Лей положил перед ним проект.
Несмотря на усугубляющееся пьянство, он был и оставался натурой весьма практической.
— Нечто среднее между ночлежкой и казармой, — заявил Ширах, — только вид более пристойный. На бумаге, я имею в виду.
Лей вприщур поглядел на него своими красивыми глазами:
— Грамотно спроектированное и очень удобное для проживания большого числа школьников здание… я бы сказал.
— Безликое. Подавляющее.
— Они там учиться должны, а не пялить глаза на потолочную лепнину…
— Вы сами б захотели жить и учиться в таком здании, если б были ребенком?
— Я, Ширах, давно был ребенком… Впрочем, все это совершенно неважно. Что ты предлагаешь? Я всегда говорю — не нравится, предложи сам…
— Чем плох Зонтхофен?..
— Замок?..
— Именно.
— Романтическая у тебя натура. От детей набрался?.. Красиво, Ширах. Но только, видишь ли, совершенно бестолковая идея. Ты себе хотя бы приблизительно представляешь этот замок?
— Любой.
— А знаешь ли ты, сколько понадобится затрат, чтоб нормально отапливать эту каменную, построенную средневековыми кретинами махину? Зимой все кадеты будут кашлять… Летом там тоже прохладно. И, я бы сказал, что замок тоже производит подавляющее впечатление…
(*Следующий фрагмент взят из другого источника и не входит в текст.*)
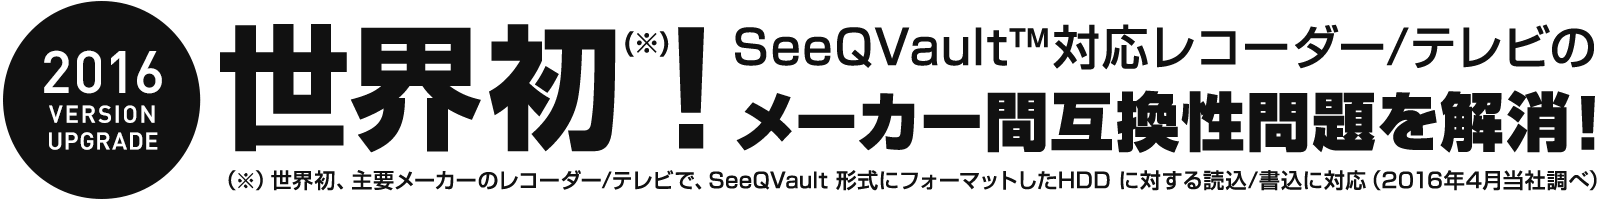 世界初！SeeQVault™ 対応レコーダー / テレビ のメーカー間互換性問題を解消！
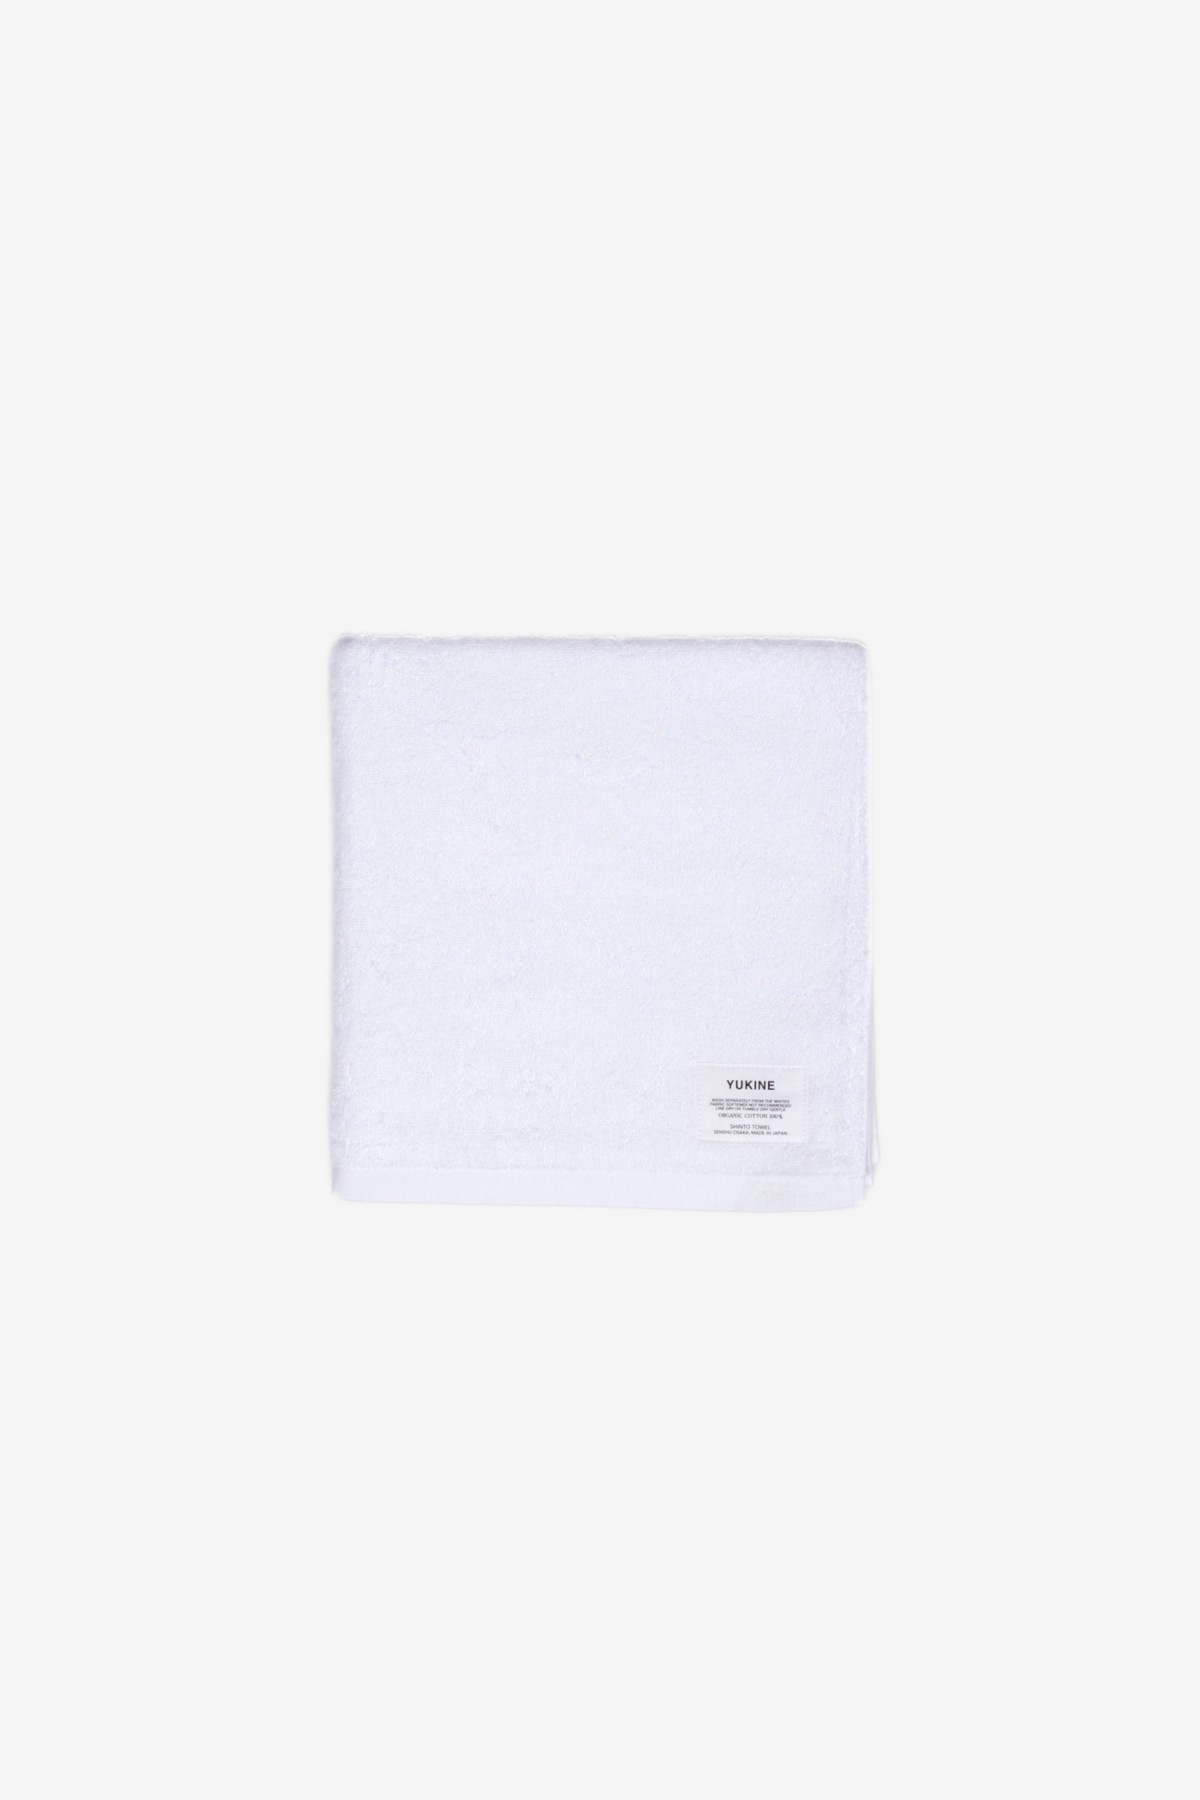 Shinto Yukine  Bath Towel Shiro in White

— Хм. А с отоплением — нельзя что-нибудь придумать, а, доктор Лей?
— Можно. Но сложно.
— Зато там прекрасные места… во всяком случае, есть где кататься на лыжах… И потом! Есть один, совершенно неопровержимый аргумент в пользу Зонтхофена…
— И Ширах, ни черта не понимающий ни в архитектуре, ни в строительстве, его, конечно, знает?